If you’re having a tough time figuring out the Microsoft Cloud OS, you’re not alone. Why else would the company put up a blog post titled “What is the Cloud OS?” the same day it rolls out a host of major upgrades to System Center 2012 and InTune in support of its cloud platform? Microsoft’s basic vision for Cloud OS is for it to function like a desktop or server OS charged with managing hardware and applications — at cloud scale. The company’s dream here is for IT to have a single pane of glass for monitoring and provisioning all the resources running in the company’s private cloud, as well as in partners’ clouds and especially Microsoft’s public cloud, Windows Azure.

For example, an IT admin could flip a couple of switches to transfer a workload from in-house servers to a service provider or to Azure, whether for lack of available hardware on-site, to save money because the service provider can do it more cheaply, or because said IT admin is too short-handed to manage that load himself.

All of that would be completely invisible to end-users, who could go about their workdays, securely accessing apps and data from their device of choice from wherever they happen to have an Internet connection.

This broad vision rests on the combination of Windows Server 2012, Windows Azure, and the linchpin between them, System Center 2012. Available now, Service Pack 1 for System Center 2012 gives companies a means of managing data center components (networking, storage, and compute) as whole, rather than in a piecemeal fashion. The goal is to enable such capabilities as multitenancy, network virtualization, and storage virtualization for automated, hybrid cloud environments.

“All System Center 2012 components are now enabled to run in a Windows Server 2012 environment and provide management capabilities for Windows Server 2012 Hyper-V, Windows Server 2012 Servers, guest operating systems and applications,” according to Mike Schutz, general manager for Windows Server and Management Product Marketing.

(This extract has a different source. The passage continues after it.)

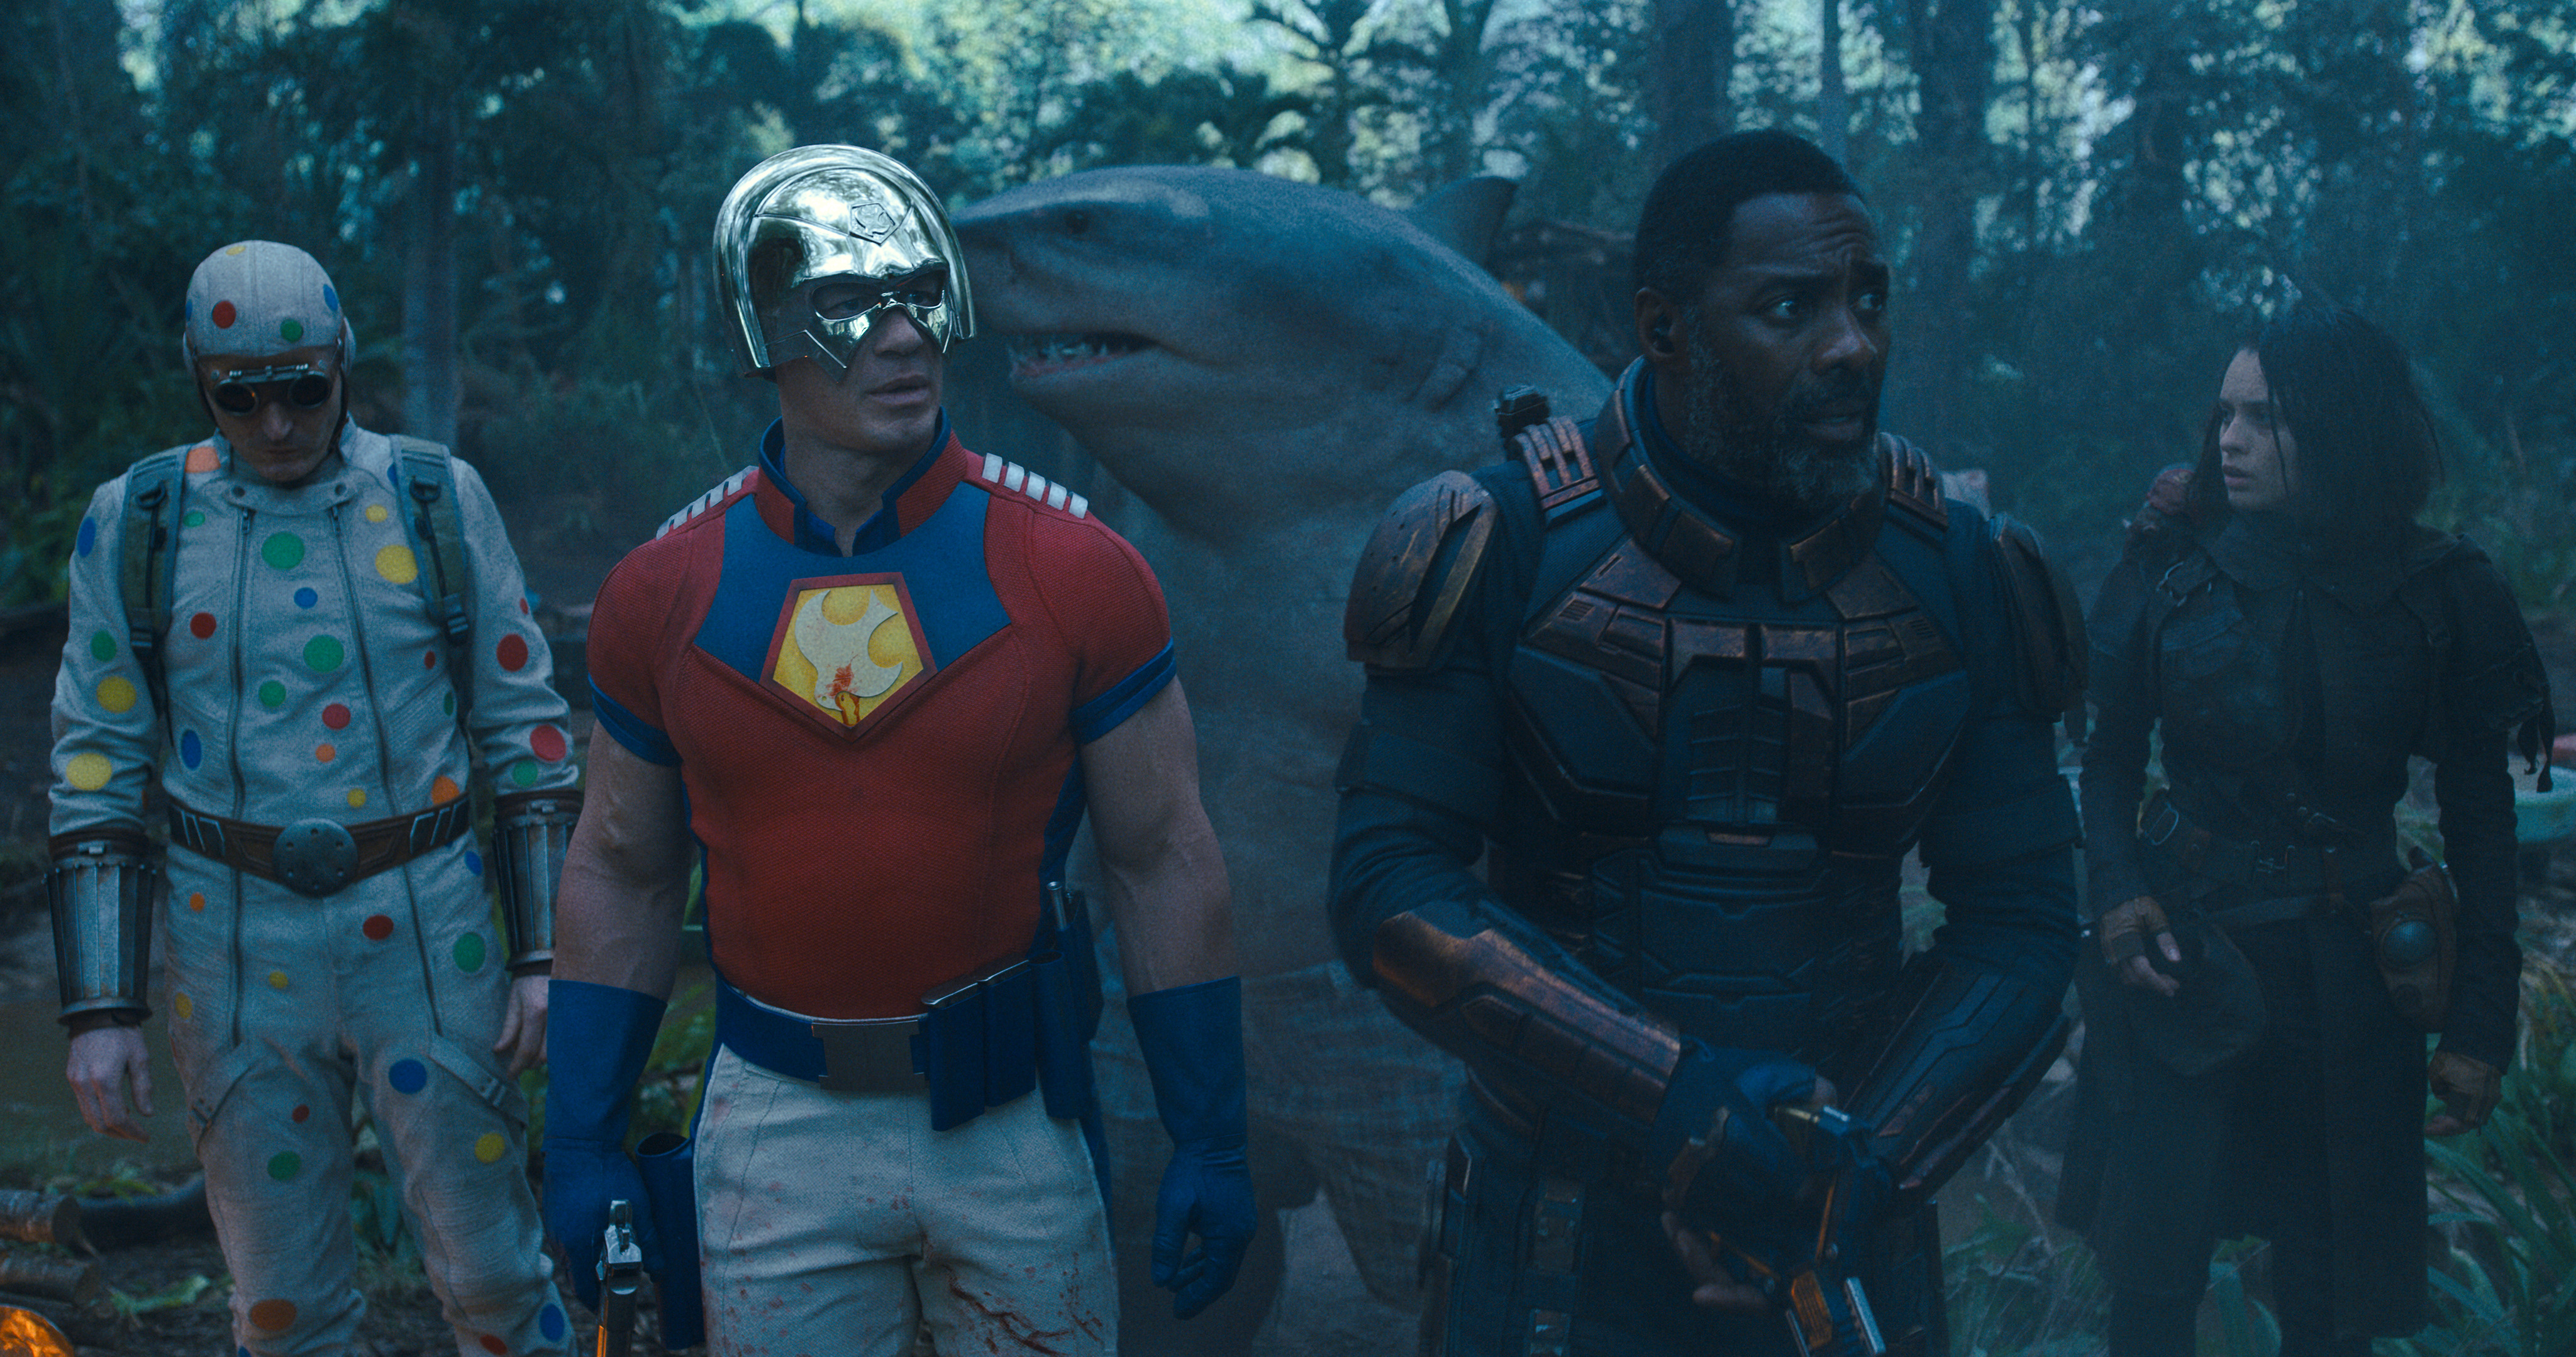 'The Suicide Squad' Movie Costume Breakdown: Photos, Exclusive Details

System Center 2012 SP1 provides IT with a place for centrally managing cloud-based applications and resources running in their data centers, on a hosted service provider data center, or on Windows Azure. Administrators can, for example, move virtual machines to Windows Azure and manage them from within System Center. They could also use System Center 2012 SP1 to back up their servers to Windows Azure or a third party.

“With SP1, a single instance of Virtual Machine Manager now supports up to 8,000 VMs on clusters of up to 64 hosts, and customers can easily extend beyond these limits with multiple instances of VMM, enabling data center management at large scale,” according to Schutz.

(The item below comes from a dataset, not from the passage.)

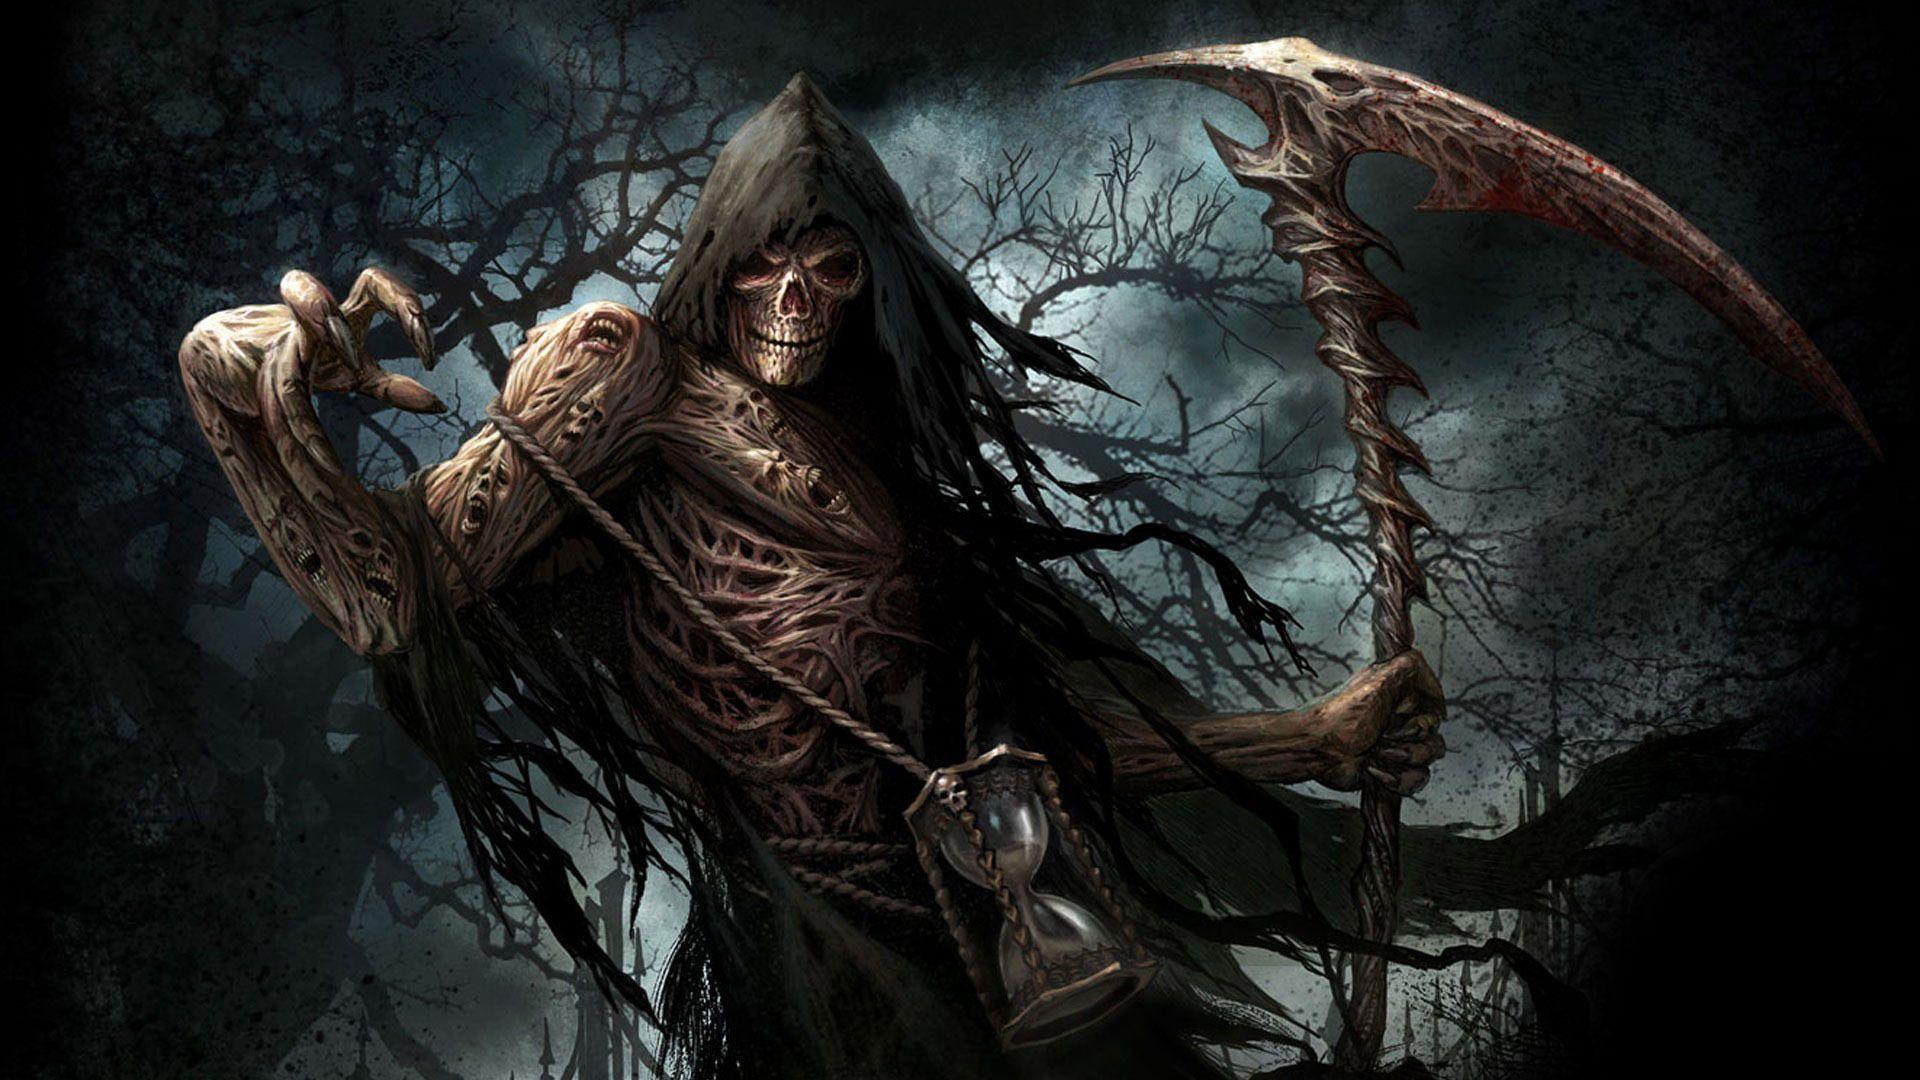 Realistic Grim Reaper Wallpapers Top Free Realistic Grim Reaper Backgrounds Wallpaperaccess

Microsoft also announced it has unified Windows Intune cloud-based service and System Center Configuration Manager as a single management solution for PCs and mobile devices. The marriage aims to provide the tools for securing and managing Windows-based clients (from Windows 8 PCs, Windows RT tablets, and Windows smartphones), as well as devices running Android and iOS.

With Intune, IT admins will now be able “to manage both corporate- and personally owned devices with a single console, making it easier to identify and enforce compliance. Users can also access a self-service portal for selecting and installing company apps,” according to Schutz.

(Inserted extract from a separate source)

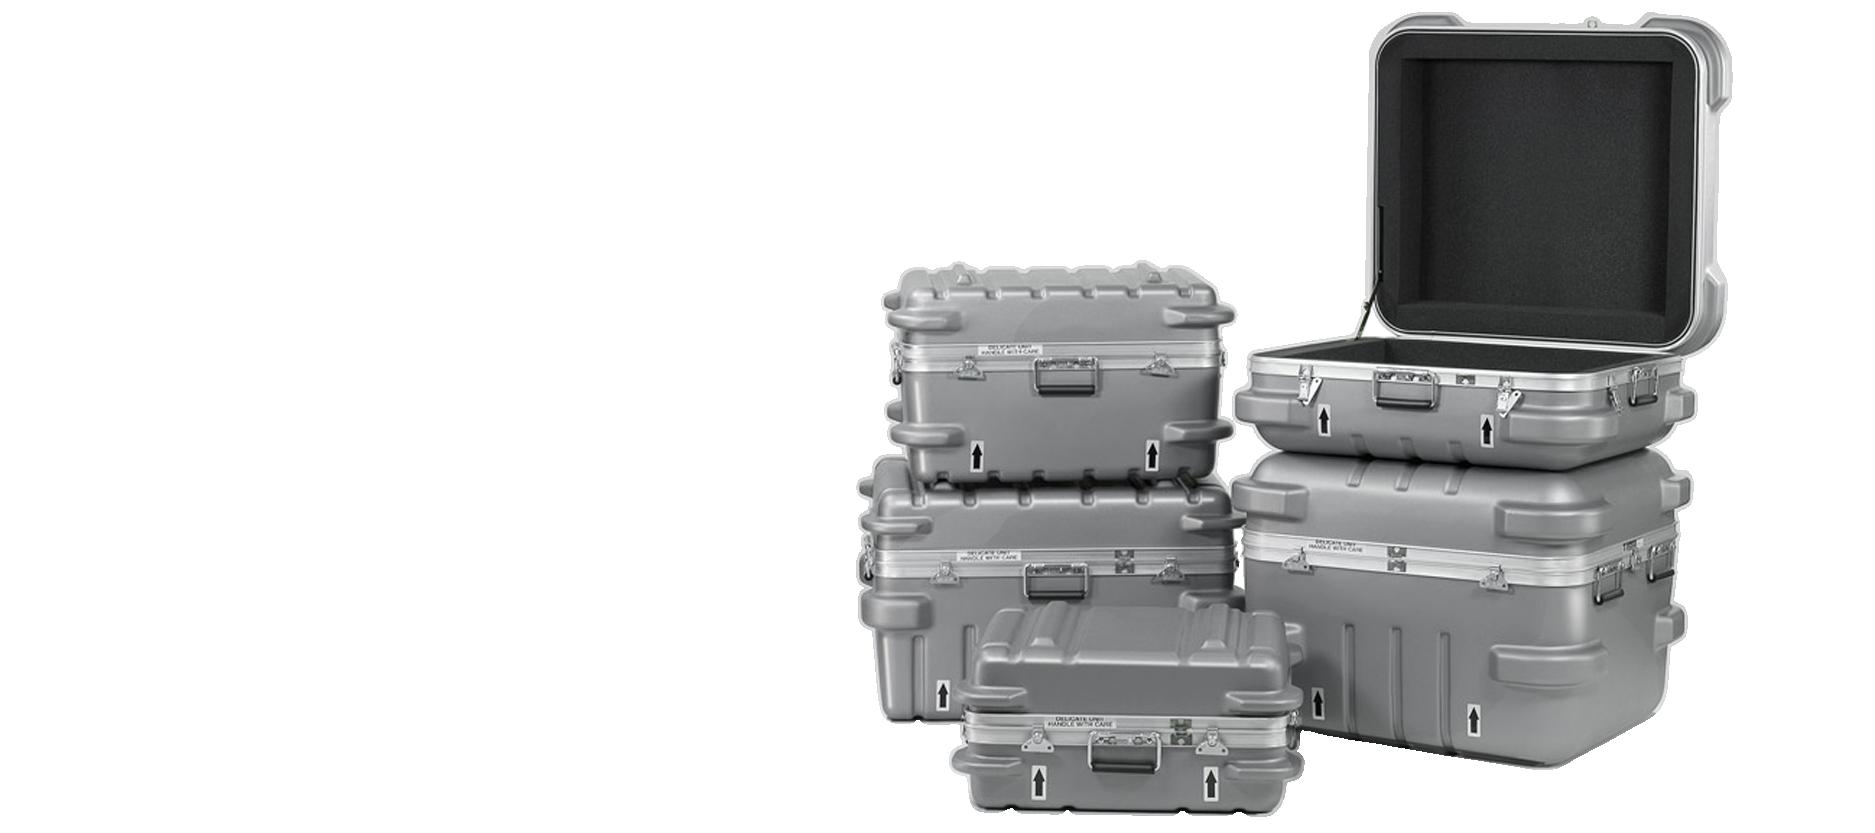 B D DigitalBanners 900x400px CasesTransparentfull

Microsoft is intent on wooing the service-provider market to help build out that broad, interconnecting Cloud OS cluster. To that end, the company announced Windows Azure technologies that providers can run on their own Windows Server 2012 infrastructure “for high-scale website and virtual machine hosting services,” according to the company.

Among Microsoft’s other Cloud OS announcements:

  • Configuration Manager 2012 SP1 itself contains several enhancements, including support for Windows 8 and Windows Server 2012, the ability to limit downloads on 3G and 4G network connections to prevent unwanted data charges; native management of Windows Embedded devices, support for PowerShell for administrative tasks, the use of Windows Azure for client package distribution, and support for Mac OS X devices and Linux and Unix servers.
  • Endpoint Protection 2012 SP1contains enhancements, including the ability to automatically deploy definition updates three times per day; real-time administrative actions to update definitions, scan, and remediate issues quickly; and client-side merge of antimalware policies.
  • The company has rolled out a new Azure-based service called System Center Global Service Monitor that extends System Center’s application monitoring capabilities to help companies evaluate and boost Web-app performance.
  • The company has also built an Azure-based management solution called System Center Advisor that enables IT departments to assess server configurations and proactively avoid problems, help to resolve issues faster and reduce downtime, according to Microsoft.